H2O2 Electroreduction at Platinum-Rare Earth (RE = Ce, Sm, Dy, Ho) Cathodes of Direct Borohydride Fuel Cells

Direct borohydride/peroxide fuel cells (DBPFCs) use sodium borohydride (NaBH₄) as an anodic fuel and hydrogen peroxide (H₂O₂) as the oxidant. DBPFCs present higher theoretical cell voltage and higher energy density than most low temperature fuel cells. Additionally, the fact that both fuel and oxidant are liquids at room temperature simplifies their storage, thermal management and internal processing [1]. For these reasons, DBPFCs are promising alternatives as power sources for space, underwater, and specific terrestrial applications where oxygen is not available.

To push forward the DBPFC, it is necessary to develop efficient electrocatalytic materials towards hydrogen peroxide reduction reaction (HPRR), at the lowest possible cost. Platinum (Pt) alloys are known to possess good catalytic activities for HPRR [2]. Recently, it was shown that Pt-rare earth (RE) alloys presented improved catalytic activity for hydrogen evolution reaction, at much lower cost [3]. However, virtually nothing is known about the effects of RE elements on the electrocatalytic behavior of Pt towards the HPRR.

In this study, the HPRR is evaluated in four different Pt-RE intermetallic alloy electrodes, namely Pt-Ce, Pt-Sm, Pt-Dy, and Pt-Ho, all having equiatomic composition. The alloys were prepared by arc melting, starting from the stoichiometric amounts of the two parent metals, and analyzed by XRD and SEM coupled with EDX.
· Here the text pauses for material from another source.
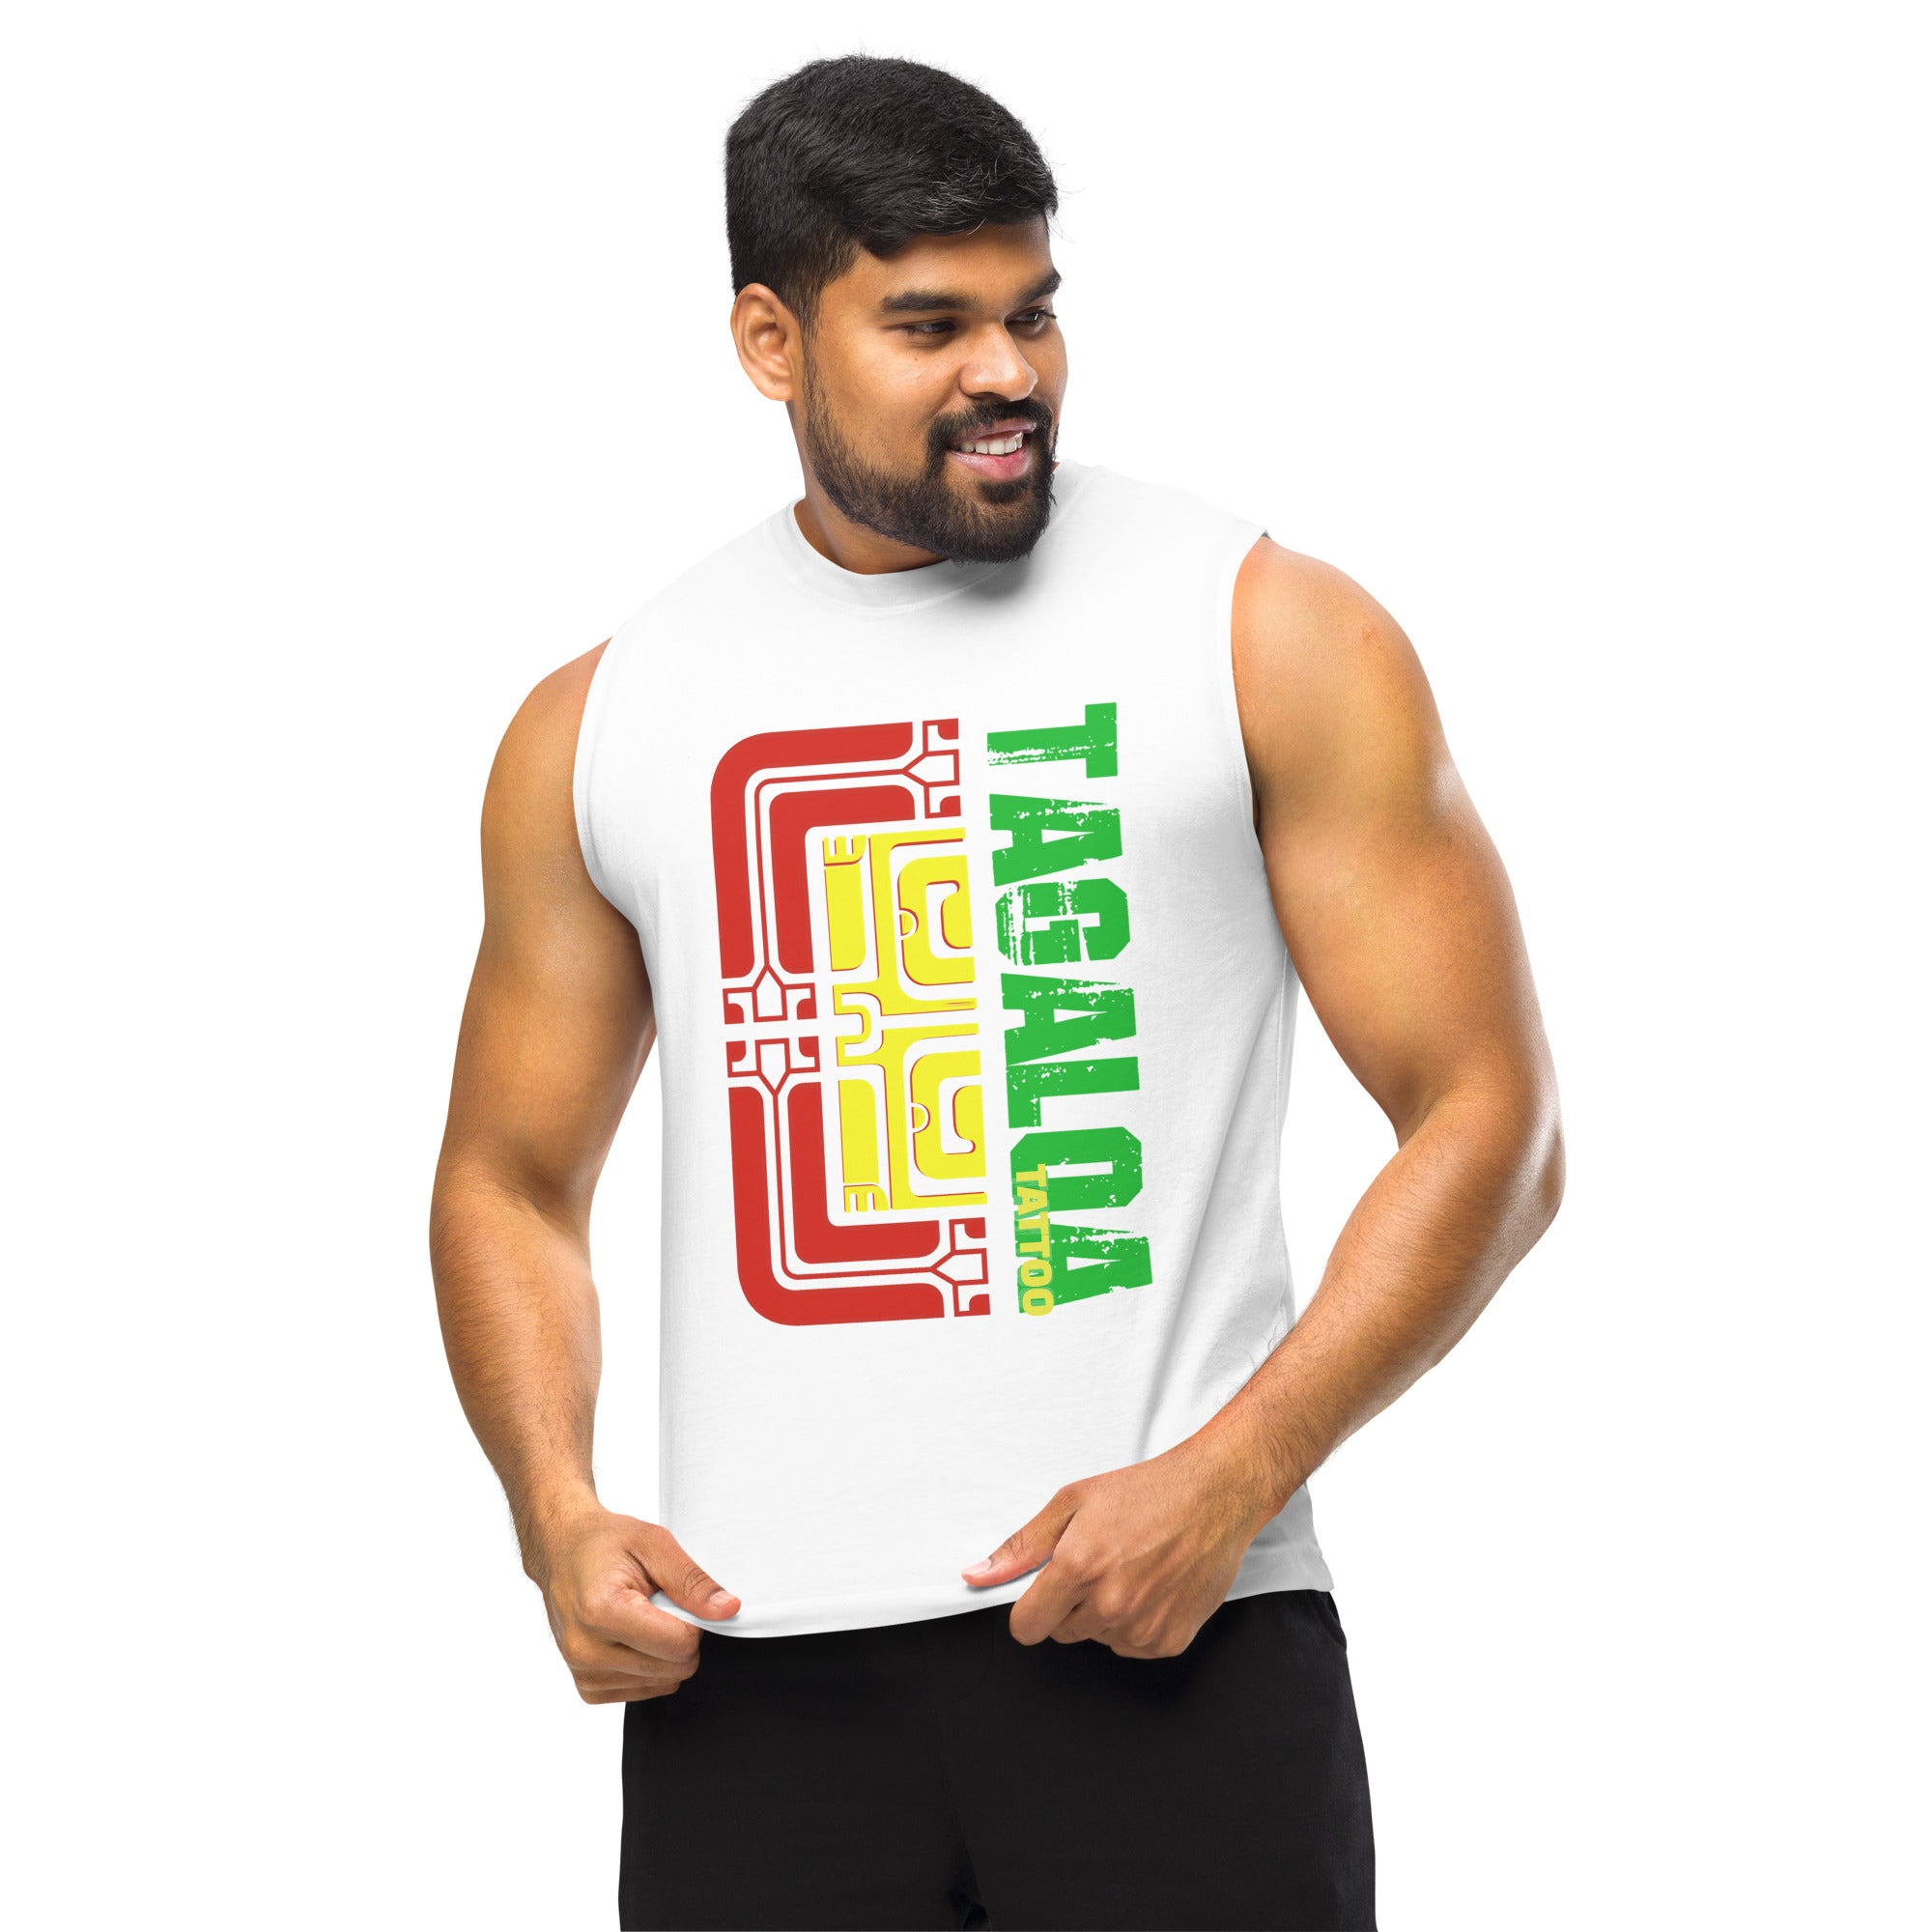 Vibrant Tagaloa Tattoo Tank Top in Green, Yellow, and Red

Electrochemical experiments were performed using a standard three-electrode setup, using each of the Pt-RE alloys as a working electrode. The alloys were tested in 2 M NaOH + 0.4 M H₂O₂aqueous electrolytes, at temperatures ranging from 25 ºC to 55 ºC. Cyclic voltammetry (CV), linear scan voltammetry (LSV), chronoamperometry (CA), and chronopotentiometry (CP), were used to investigate the electrodes activity for HPRR reduction in alkaline media. CVs of the alloys presented a well-defined cathodic peak. Plots of peak currents and peak potentials as a function of the potential scan rate allowed calculation of the number of exchanged electrons and of the charge transfer coefficients for the studied temperature range. CA and CP measurements demonstrated good stability of the tested systems.

A small lab DBPFC was assembled using a Pt-RE cathode and main cell parameters (e.g., open circuit voltage, peak power density) were evaluated for temperatures ranging from 25 to 55 ºC. Results show that Pt-RE electrocatalysts show good activity for HPRR at about half of the cost of single Pt electrodes.
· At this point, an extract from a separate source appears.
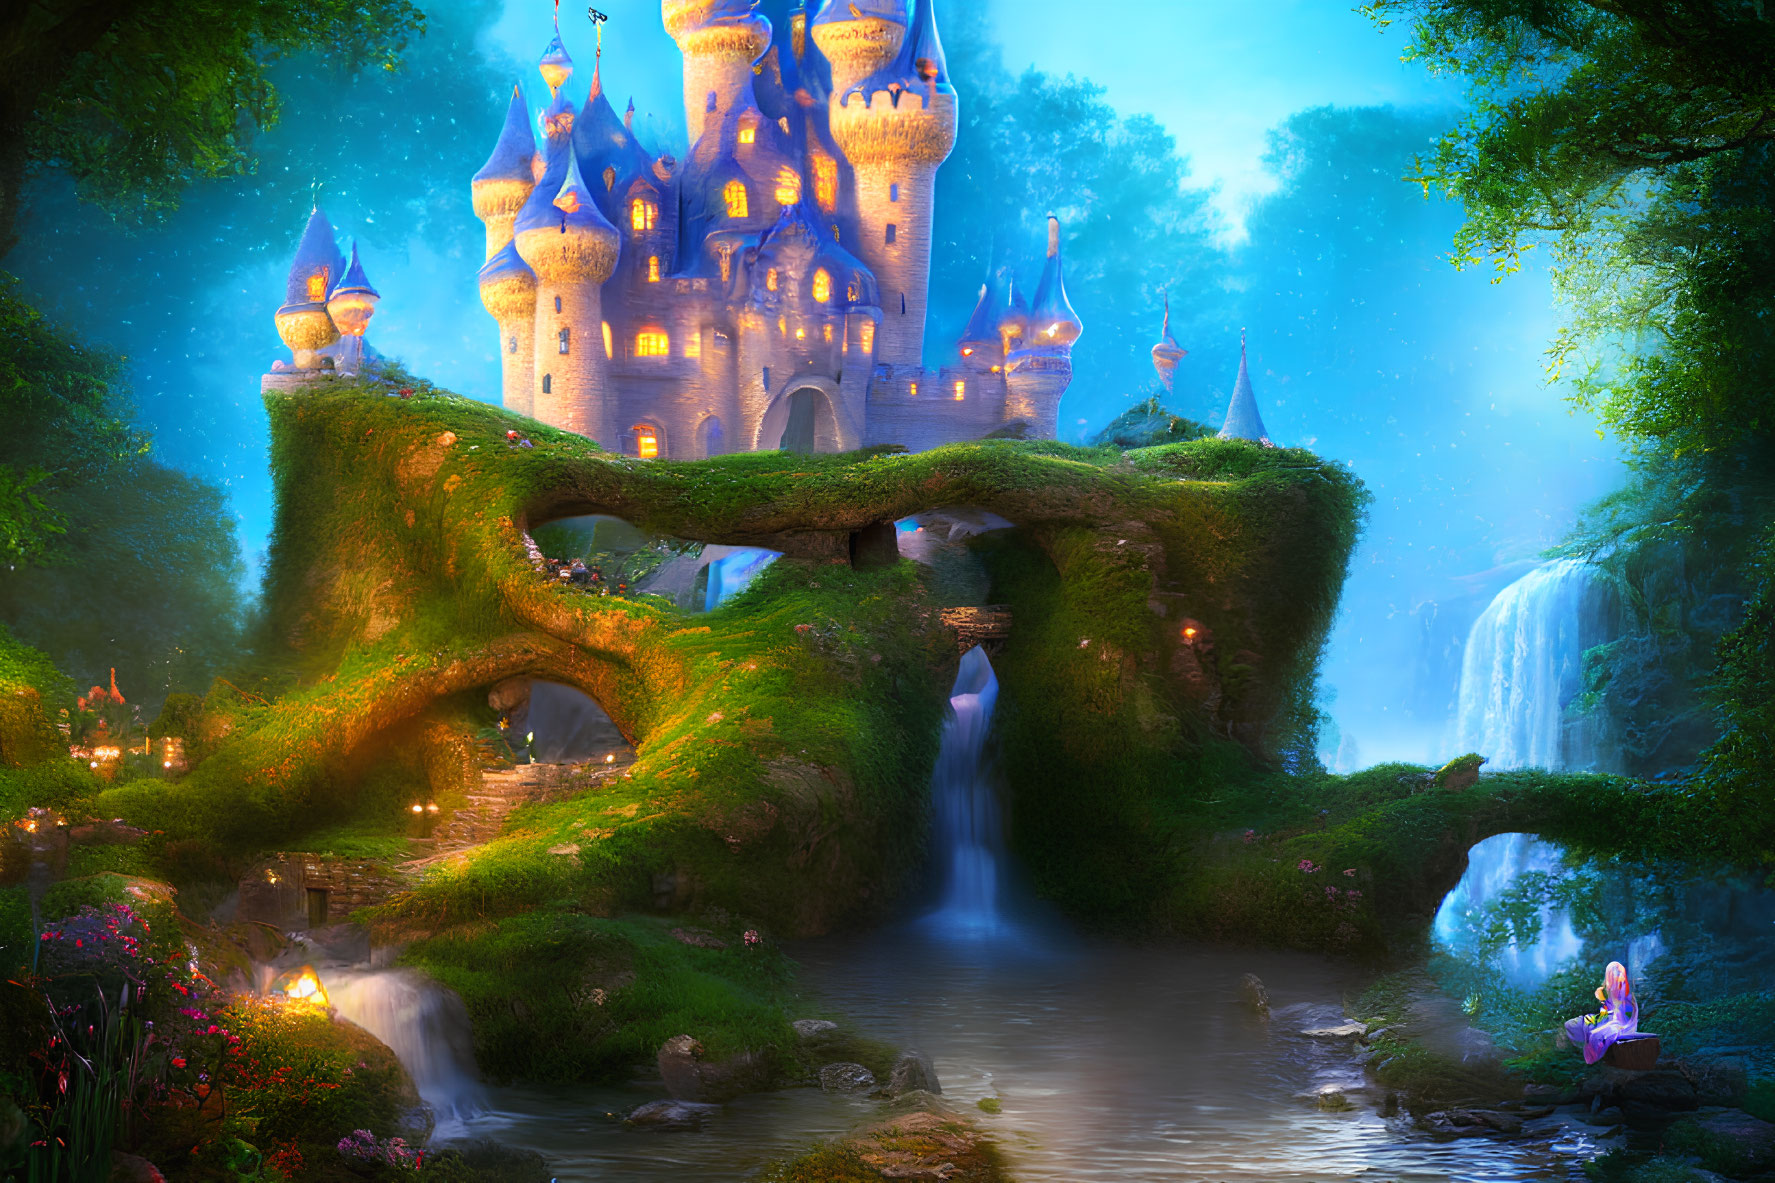 Enchanting castle in lush greenery with waterfalls, serene river, glowing bridge, and figure

1. D.M.F. Santos, C.A.C. Sequeira, Sodium borohydride as a fuel for the future, Renew. Sustain. Energy Rev. 15 (2011) 3980.

2. A.L. Morais, J.R.C. Salgado, B. Šljukić, D.M.F. Santos, C.A.C. Sequeira, Electrochemical behaviour of carbon supported Pt electrocatalysts for H₂O₂reduction, Int. J. Hydrogen Energy 37 (2012) 14143.

3. D.M.F. Santos, C.A.C. Sequeira, D. Macciò, A. Saccone, J.L. Figueiredo, Platinum-rare earth electrodes for hydrogen evolution in alkaline water electrolysis, Int. J. Hydrogen Energy 38 (2013) 3137.